Solve for Newcomb or other problems at will. Bonus points for finding generalized approach.

That is not a precise statement of a mathematical problem. What do "impractical" and "practical" mean? What does "analogous" mean?

"Impractical" means that you don't want to or can't realize the problem in its original form, for example because it would be too expensive or because you don't have a prison handy and can't find any prisoner rental service.

"Practical" pretty much means the opposite, for example because it's inexpensive or because you happen to be a prison director and are not particularly bent on interpreting the law orthodoxly.

"Analogous" basically means that if you can find isomorphisms between the set of the states of problem A and the set of the states of problem B as well as between the set of decisions of problem A and the set of decisions of problem B, then each thus mapped pair of decisions or states is called analogous if analagous decisions lead to analogous states and analogous states imply analogous decisions.

This doesn't sound like a mathematical problem, then. It's a modeling problem.

The agent in Newcomb's problem needs to know that Omega's prediction is caused by the same factors as his actual decision. The agent does not need to know any more detail than that, but does need to know at least that much. If there were no such causal path between prediction and decision then Omega would be unable to make a reliable prediction. When there is correlation, there must, somewhere, be causation (though not necessarily in the same place as the correlation).

If the agent believes that Omega is just pretending to be able to make that prediction, but really tossed a coin, and intends only publicising the cases where the agent's decision happened to be the same, then the agent has no reason to one-box.

If the agent believes Omega's story, but Omega is really tossing a coin and engaging in selective reporting, then the agent's decision may be correct on the basis of his belief, but wrong relative to the truth. Such is life.

To simulate Newcomb's problem with a real agent, you have the problem of convincing the agent you can predict his decision, even though in fact you can't.

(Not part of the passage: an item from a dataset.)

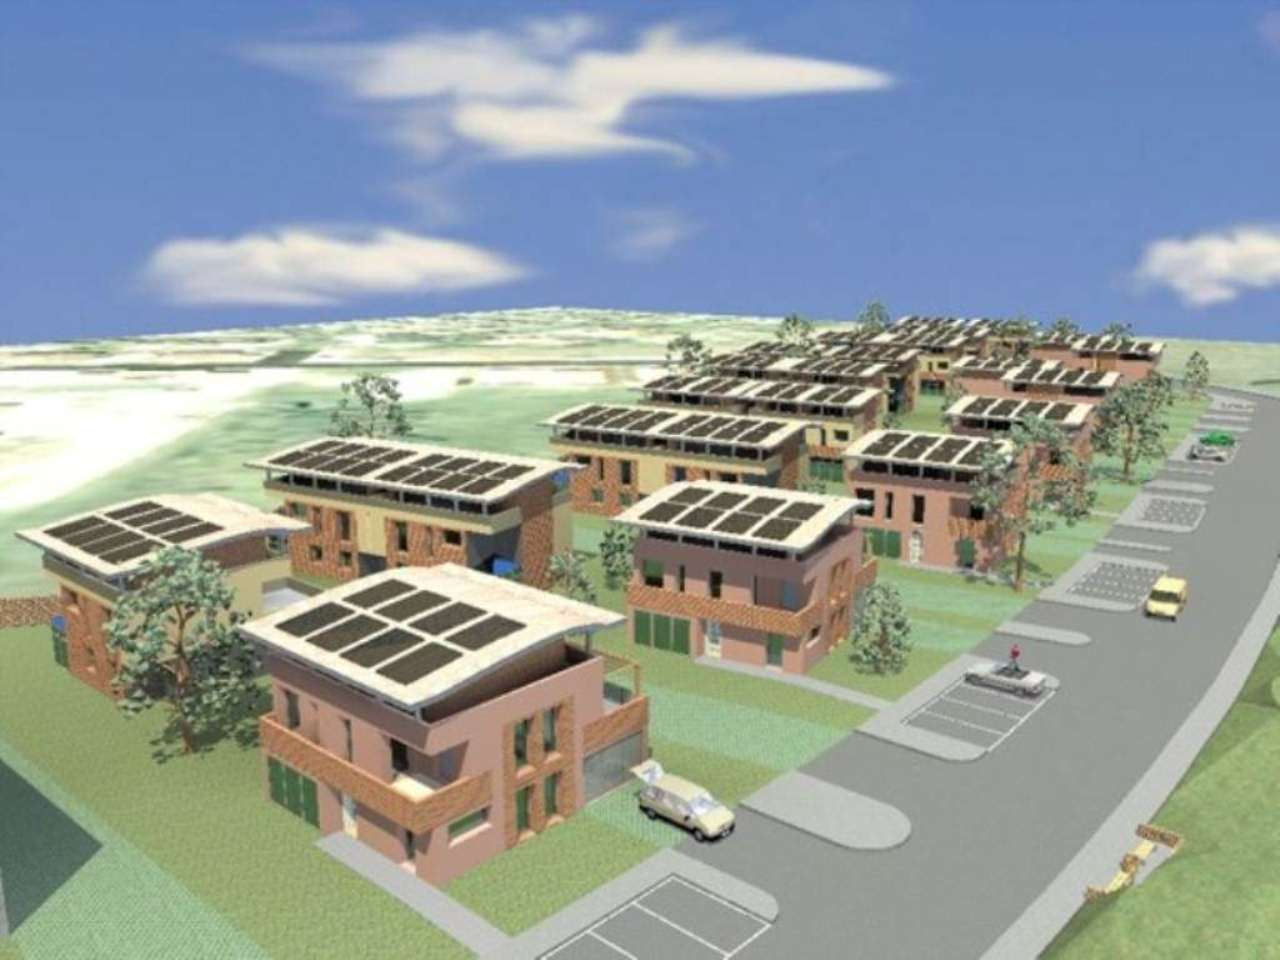 Terreno Edificabile Residenziale in vendita a Lodi, 9999 locali, Trattative riservate | Cambio Casa.it
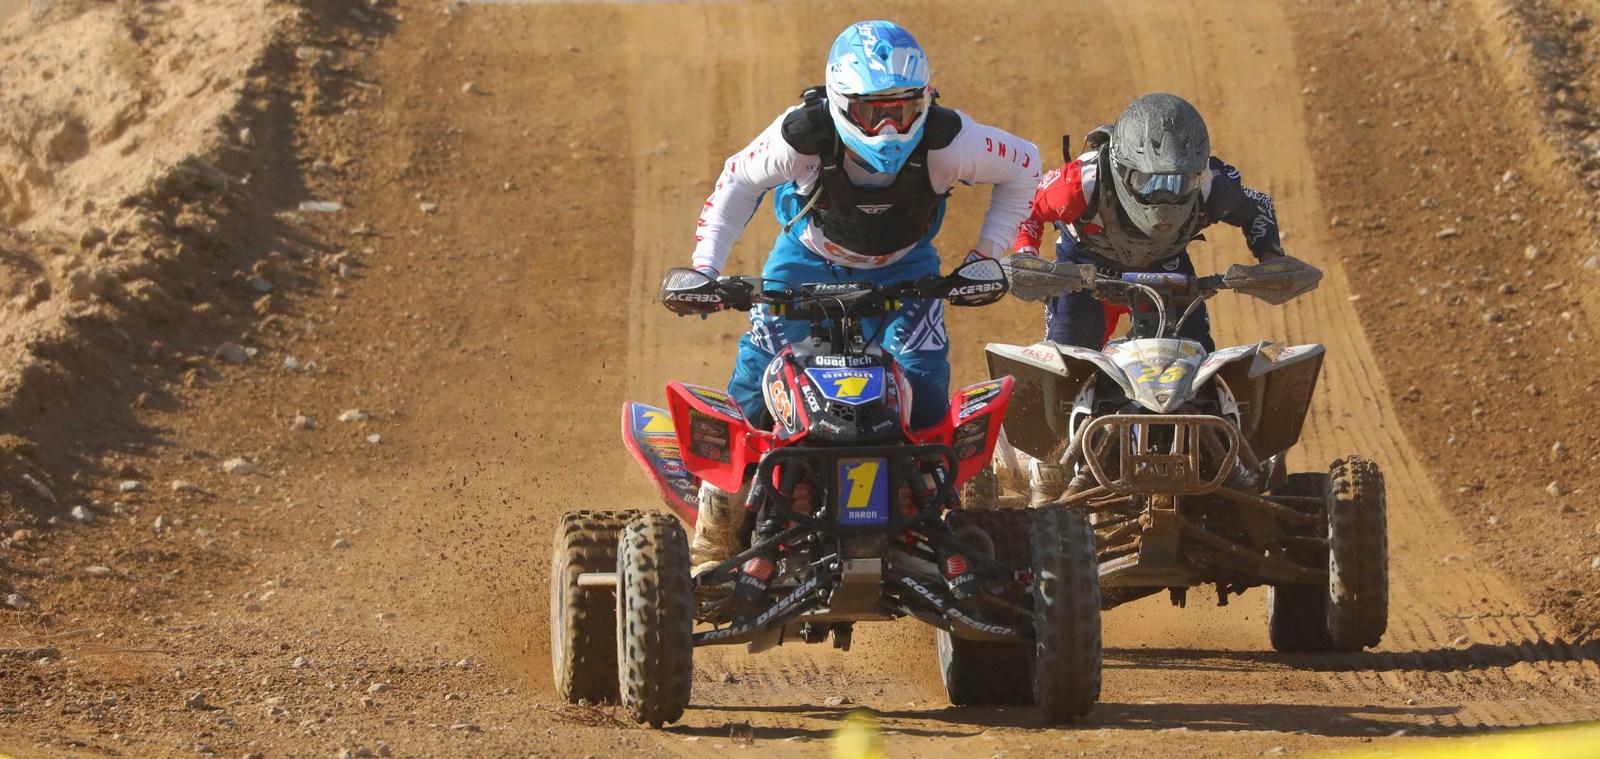 2020-01-beau-baron-mike-sloan-atv-worcs-racing

I only used Newcomb as an example to show that determining whether a simulation actually simulates a problem isn't trivial. The issue here is not finding particular simulations for Newcomb or other problems, but the general concept of correctly linking problems to simulations. As I said, it's a rather mathematical issue. Your last statement seems the most relevant one to me:

To simulate Newcomb's problem with a real agent, you have the problem of convincing the agent you can predict his decision, even though in fact you can't.

Can we generalize this to mean "if a problem can't exist in reality, an accurate simulation of it can't exist either" or something along those lines? Can we prove this?

Can we generalize this to mean "if a problem can't exist in reality, an accurate simulation of it can't exist either" or something along those lines? Can we prove this?

I would cast this sentence in this form, seeing that if a problem contains some infinite it's impossibile for it to exist in reality. Can an infinite transition system be simulated by a finite transition sistem? If there's only one which can be, then this would disprove your conjecture. The converse of course it's not true...

I'm not sure what you mean by an infinite transition system. Are you referring to circular causality such as in Newcomb, or to an actually infinite number of states such as a variant of Sleeping Beauty in which on each day the coin is tossed anew and the experiment only ends once the coin lands heads?

Regardless, I think I have already disproven the conjecture I made above in another comment:

Omega predicting an otherwise irrelevant random factor such as a fair coin toss can be reduced to the random factor itself, thereby getting rid of Omega. Equivalence can easily be proven because regardless of whether we allow for backwards causality and whatnot, a fair coin is always fair and even if we assume that Omega may be wrong, the probability of error must still be the same for either side of the coin, so in the end Omega is exactly as random as the coin itself no matter Omega's actual accuracy.